All of the data should be reproduced word for word, though its pictures must be omitted.

**INFORMATION SHOWN:**
-.-.-

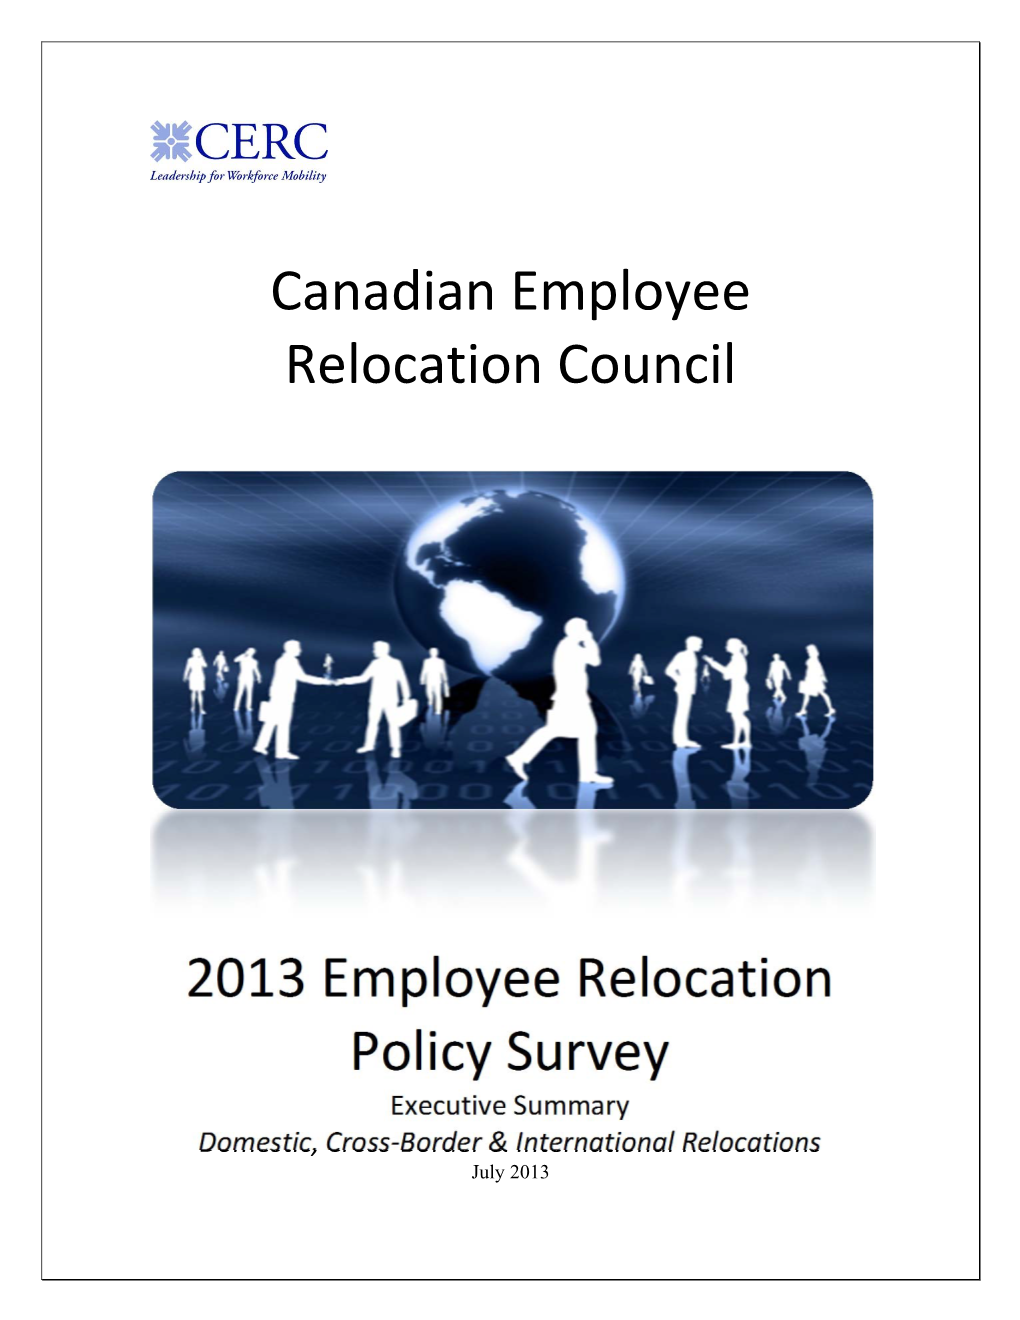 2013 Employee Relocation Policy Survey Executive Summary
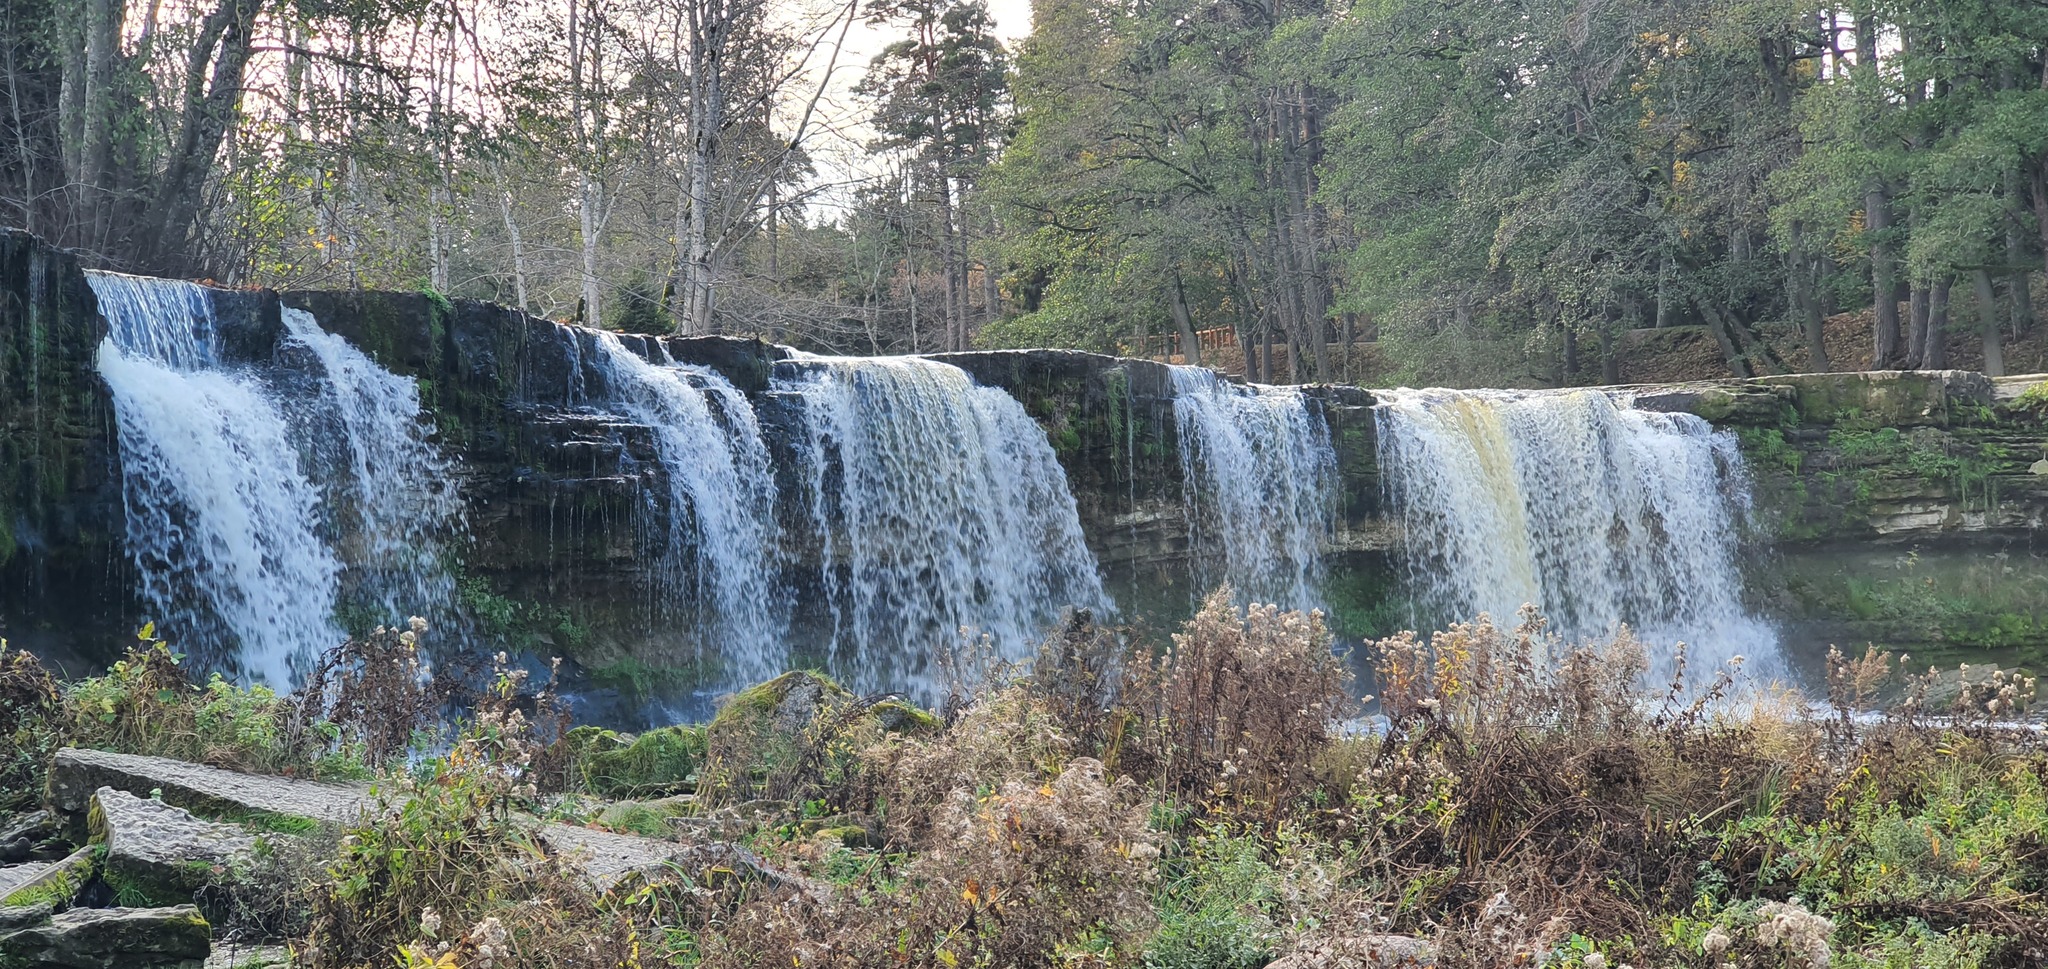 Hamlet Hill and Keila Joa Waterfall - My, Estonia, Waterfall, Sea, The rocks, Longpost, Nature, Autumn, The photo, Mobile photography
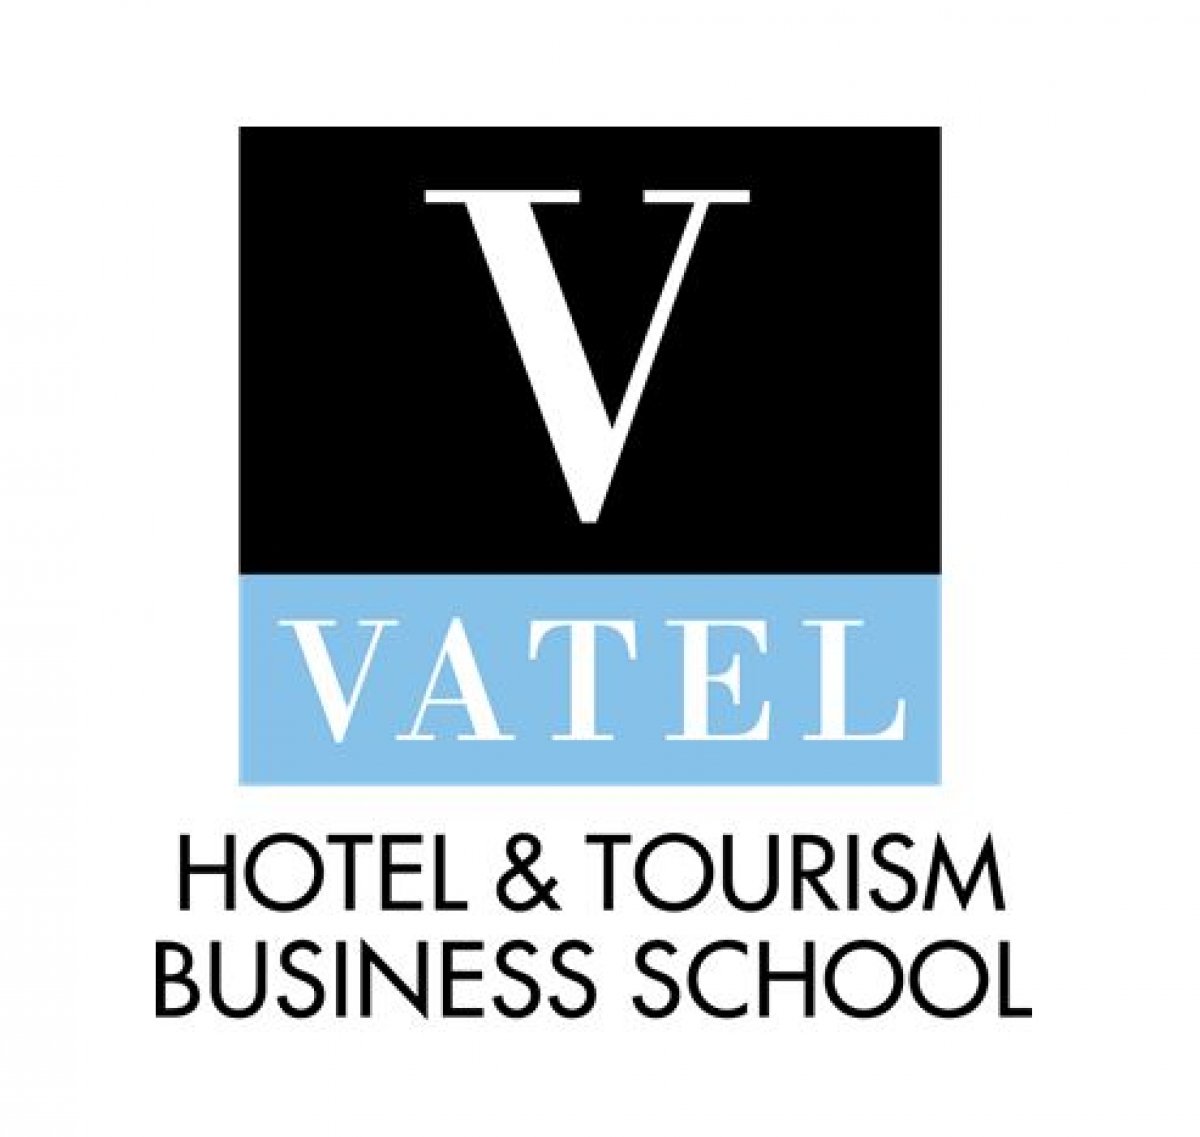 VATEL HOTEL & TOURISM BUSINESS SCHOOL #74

-.-.-

**TASK RESPONSE:**
 2013 Employee Relocation Policy Survey Executive Summary
 Hamlet Hill and Keila Joa Waterfall - My, Estonia, Waterfall, Sea, The rocks, Longpost, Nature, Autumn, The photo, Mobile photography
 VATEL HOTEL & TOURISM BUSINESS SCHOOL #74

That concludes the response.